Ultimately, that brought me to this new space of Web3 which has these new mechanisms for distribution of artwork. My third project was Clouds on Chains, the latest collection I’ve finished before Blue Chips.
Can you say more about the concepts you’re playing with in these collections?
Clouds on Chains was fun because it was lightheartedly speaking to the mixture of people in the Web3 space and the fine art space and the culture that comes between those two.
I’ve been making these like painterly collages of clouds for years and years and years. What I did with that project was to make these kinds of almost like abstract expressionists, looking at painterly collages only of clouds on chains. The delineation and that simplification of content became this one-liner about “on chain artwork,” meaning work on the blockchain, in “the cloud.”
The Blue Chips collection was inspired by a similar play on words. All of the content comes from scans and photographs of microchips, processors, and GPUs. I rather laboriously and painstakingly cut out all these little moments, and when they’re programmatically woven together, they look like motherboards and tapestries. And, I think it’s obvious that the naming convention “blue chips” refers to an asset that is safe to invest in. In the art world, like, often galleries will survive by selling blue-chip art.
In the Web3 space, things were happening so fast that people were calling artworks “blue chip” that had existed for a mere week.
How would you describe your artistic style?
Visually complex, maximalist. Maybe to borrow a very old term, “horror vacui” which is the fear of emptiness, or this kind of total and complete coverage of compositions. To me, it’s a visual mechanism that has always really resonated with me and the kind of time I feel we live in. We’re inundated with imagery to the point where it becomes muted and bland. But honestly, all of my conceptual thinking about all of my projects are intended to be simple or tongue-in-cheek to allow for people to complete the work for themselves.
How did you decide to work with Wild on this collection?

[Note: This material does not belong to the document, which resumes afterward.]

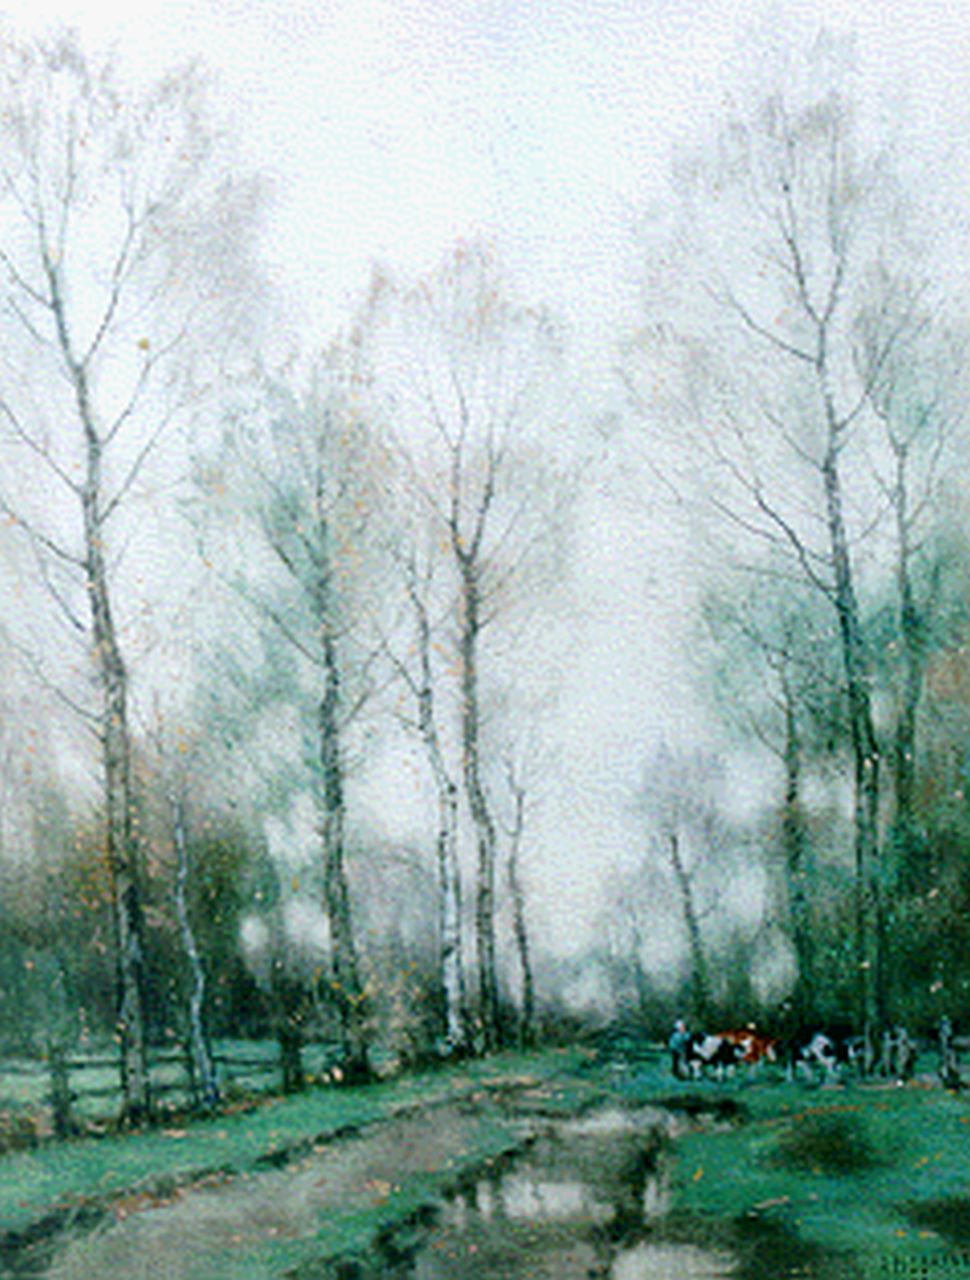 Gorter A.M.  | 'Arnold' Marc Gorter, A landscape,Twente, Aquarell auf Papier 55,0 x 42,0 cm, signed l.r.
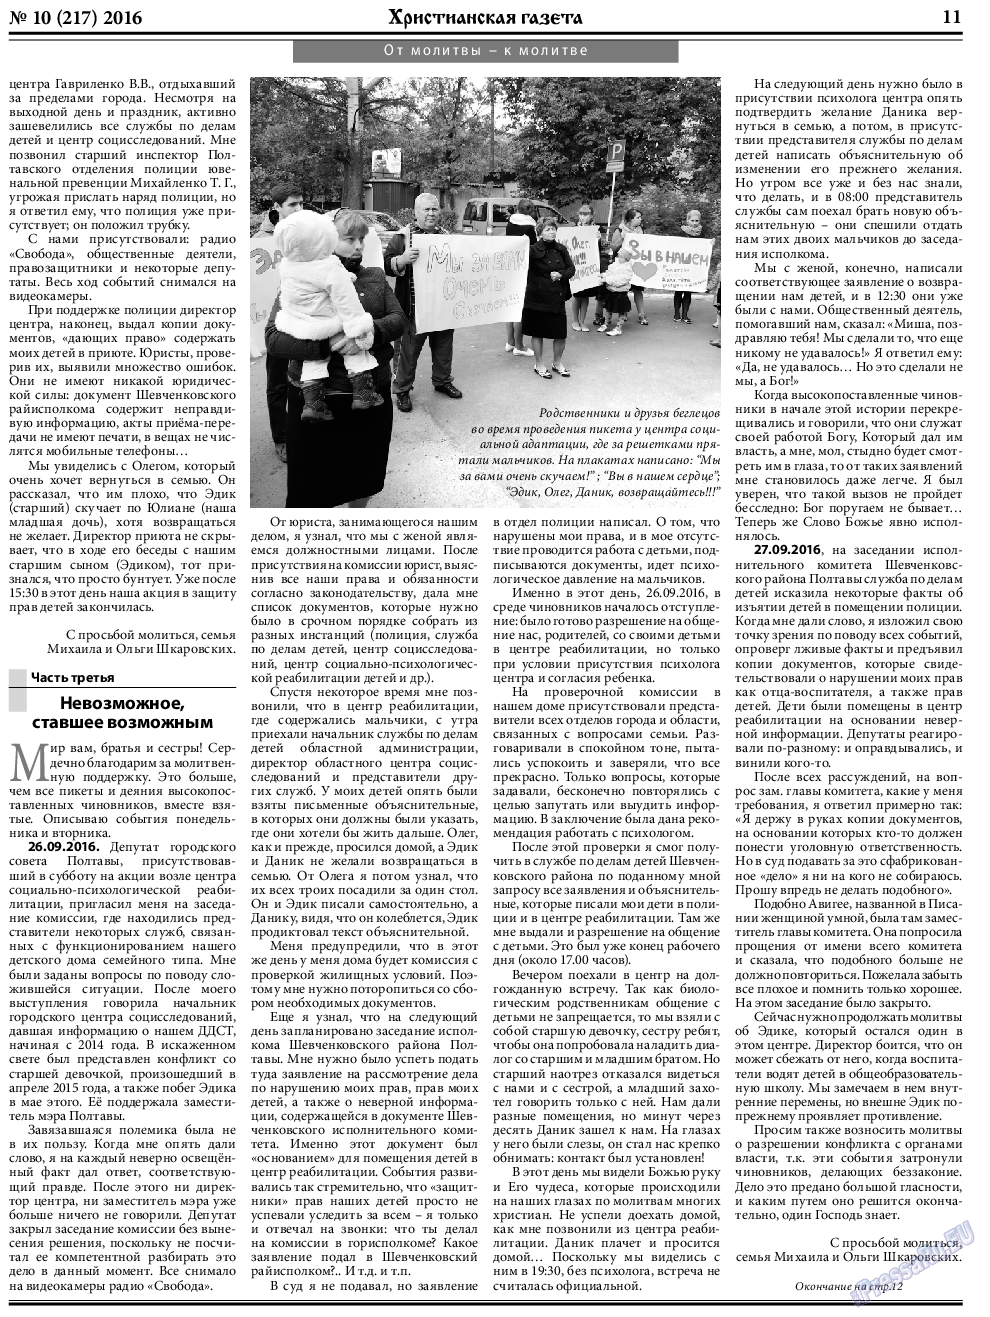 Христианская газета, газета. 2016 №10 стр.11

They reached out to me to be a part of their first season. I had just finished Clouds on Chains, which was completely independent and I was really attracted to that independence. But they offered a residency and I knew some of the other people in it. What hooked me was that they operate like another gallery but without the art historical background, more like a startup. I think that they’re doing some things that are really interesting, but the residency again, is what hooked me especially because it had a mentor/mentee aspect to it, which is unique in this space.
Any parting wisdom?
I had this teacher in school, an incredible artist named Trisha Donnelly. I had an independent study with her and at the time, I was making really wacky videos. She gave me some advice, which was (I’m paraphrasing here): “the stupid and the profound can exist in the same moment.”